LONDON (Guardian) — A coarse joke about political rivalry between Russia’s president, Dmitry Medvedev, and its prime minister, Vladimir Putin, told to American diplomats may land Azerbaijan’s leader, Ilham Aliyev, in trouble next time he meets one or both leaders.
Aliyev used coarse street slang to describe the relationship between Medvedev and Putin, but he might well have used the same idiom to describe his concerns about Turkish-Armenian reconciliation and the Nagorno-Karabagh peace process. He told Under-Secretary of State for Political Affairs Bill Burns that the “Sword of Damocles” of the April 24 Armenian Remembrance Day is hanging over the Nagorno Karabagh Process, as well as the Turkey-Armenia normalization process. He suggested that it would be easier if the Turkey- Armenia normalization could be considered after April in order to allow more time for progress on Nagorno Karabagh.
He also took the opportunity to press the US government to apply maximum pressure on Yerevan to make concessions on Nagorno Karabagh. He stressed, “Now we are trying to be even more flexible.”
On Iran, Aliyev said he supported economic isolation and believed it could be effective if enforced by a broad coalition. He complained about Iranian security provocations. On energy cooperation, President Aliyev said that if the Turks demonstrate “constructive behavior” this year that a gas transit deal can happen. Finally, on the jailed youth activists, though he made no firm commitments regarding their release, he said, “I think [a pardon or amnesty] can be done. I had no intention to hurt anyone.”

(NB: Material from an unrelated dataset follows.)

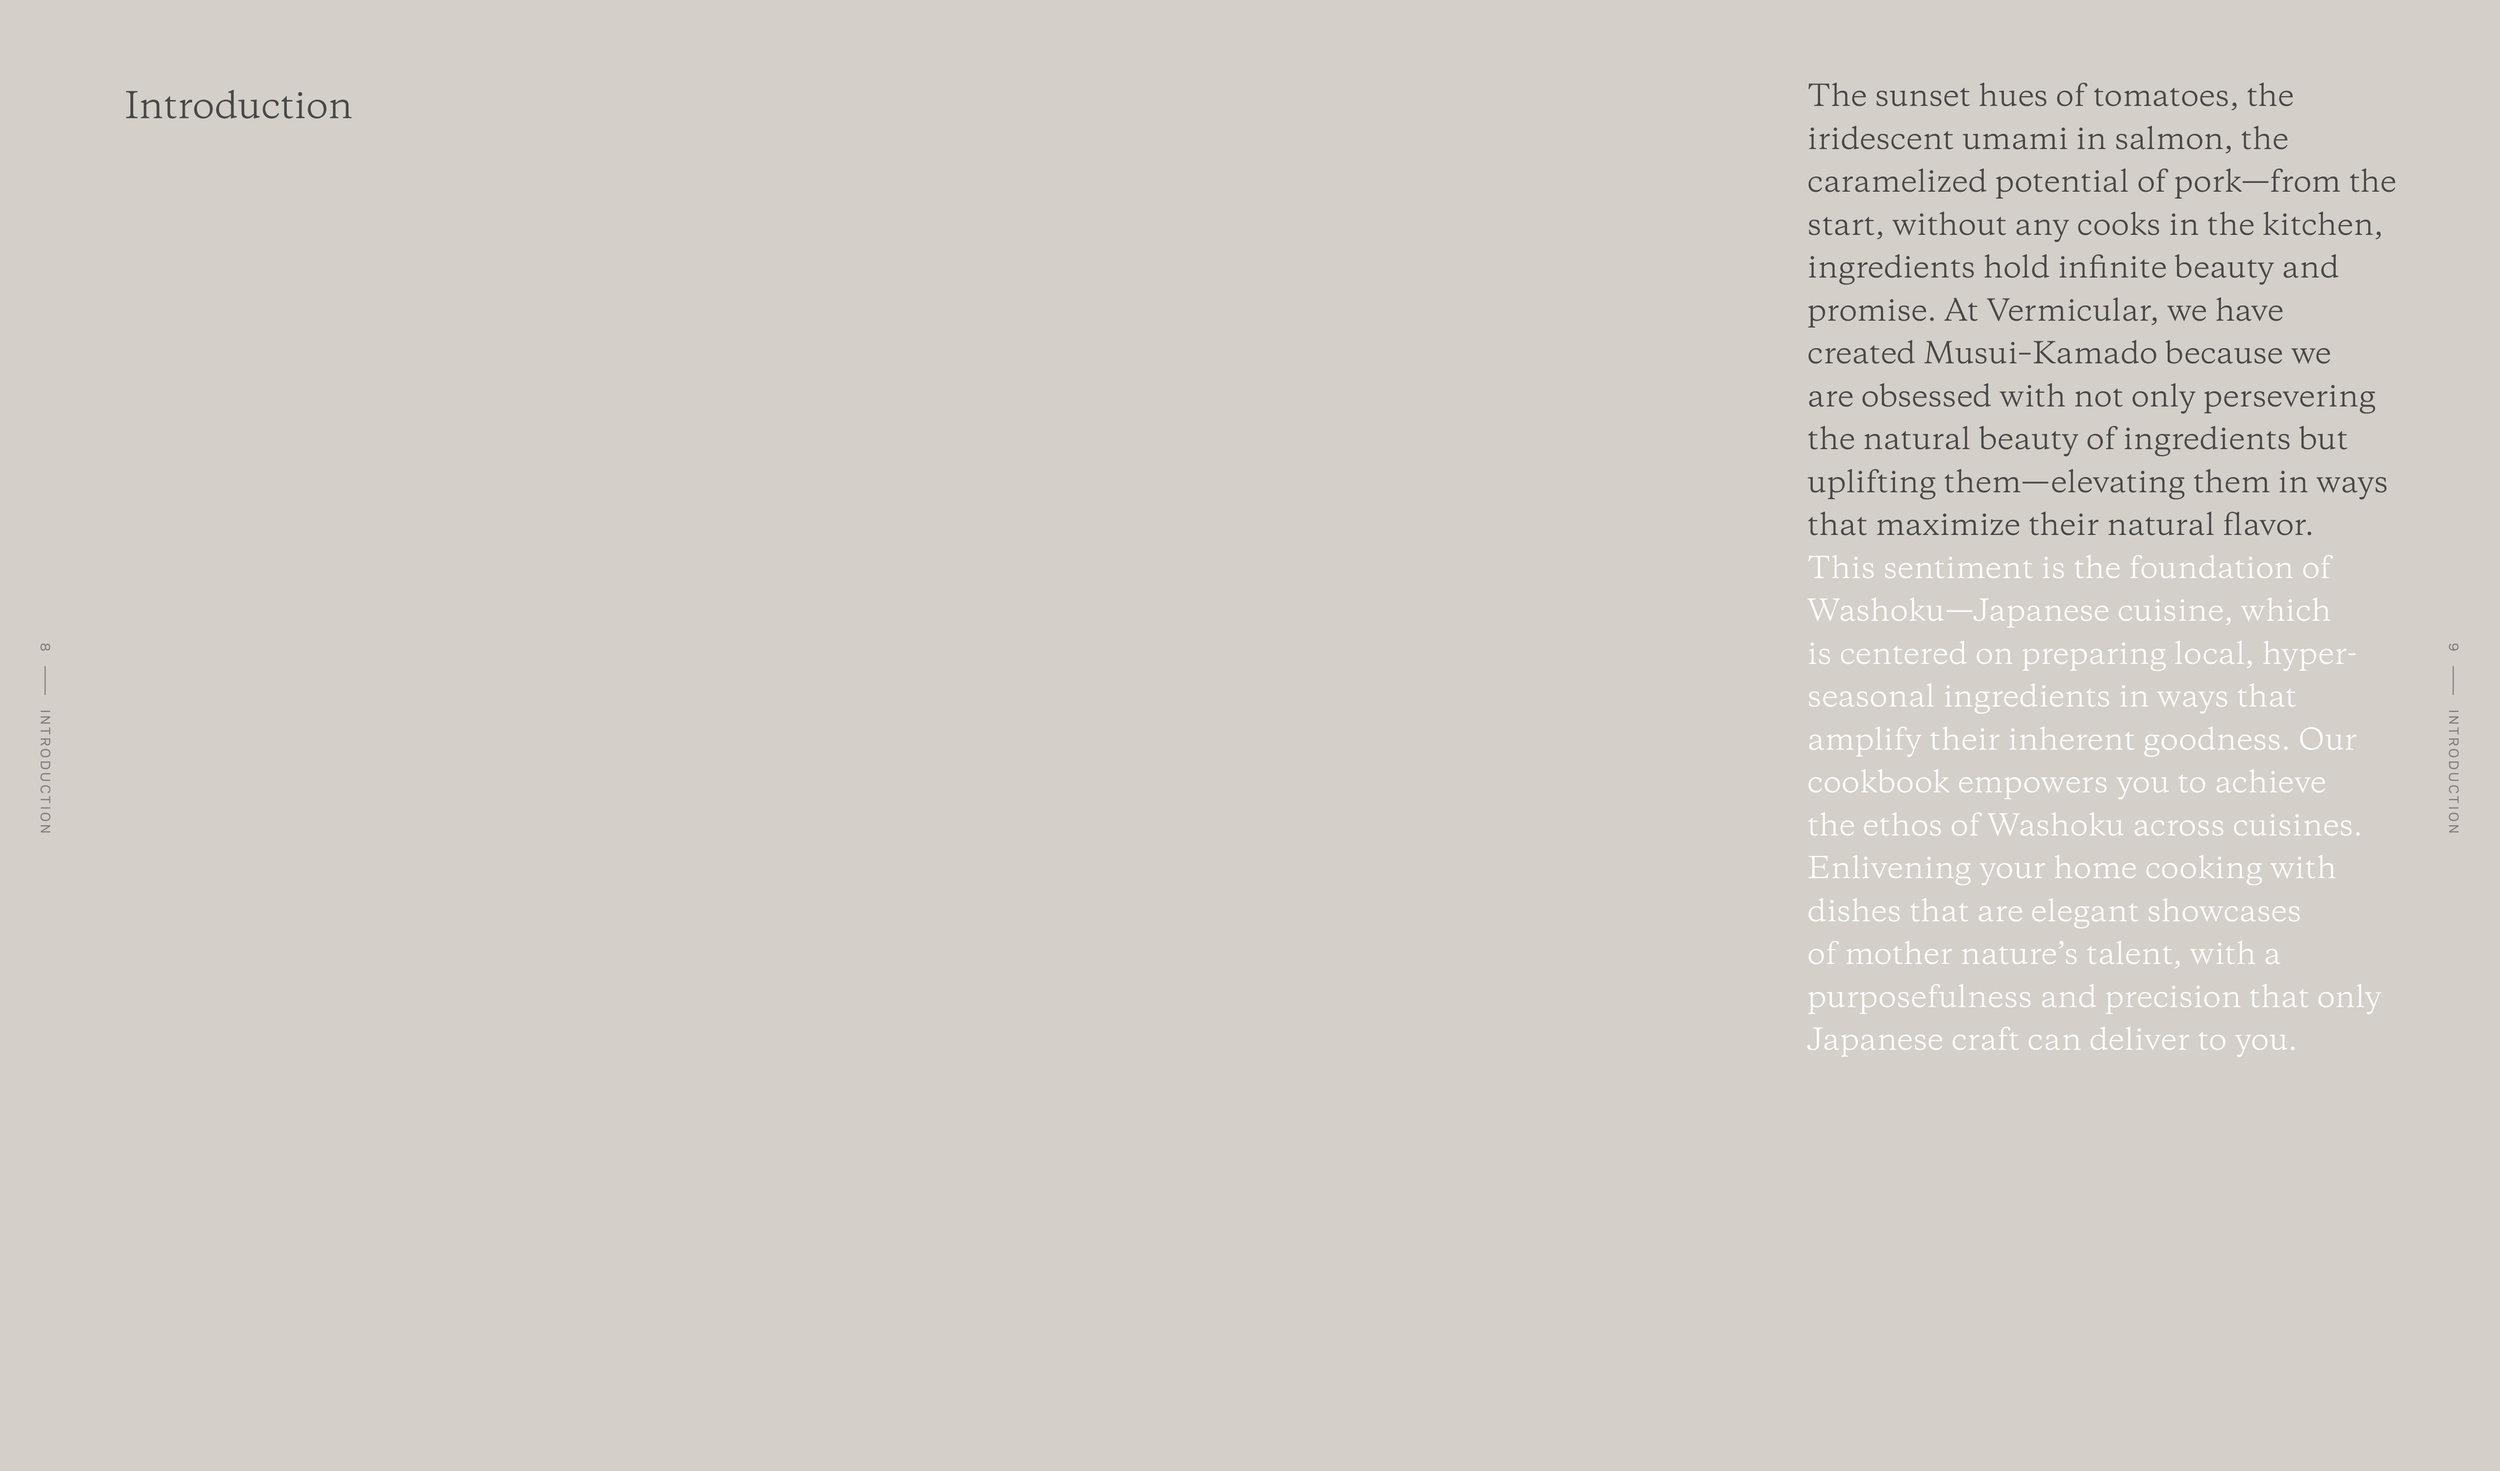 Vermicular_Cookbook_Intro.jpg

Seeks Pressure on Yerevan to Resolve Nagorno Karabagh
Burns began his hour-long meeting with President Ilham Aliyev by stressing that he was sent with the simple message that Washington wants to build bilateral relations and create a stronger partnership. He then offered his condolences for the three Azeri soldiers killed on the Line of Contact on February 18. Aliyev responded that such events show that there is no peace, no peace treaty and no peacekeepers enforcing the cease-fire. He worried more such incidents could happen. Burns commented that such incidents underscored the urgency of finding a political solution on Nagorno-Karabagh.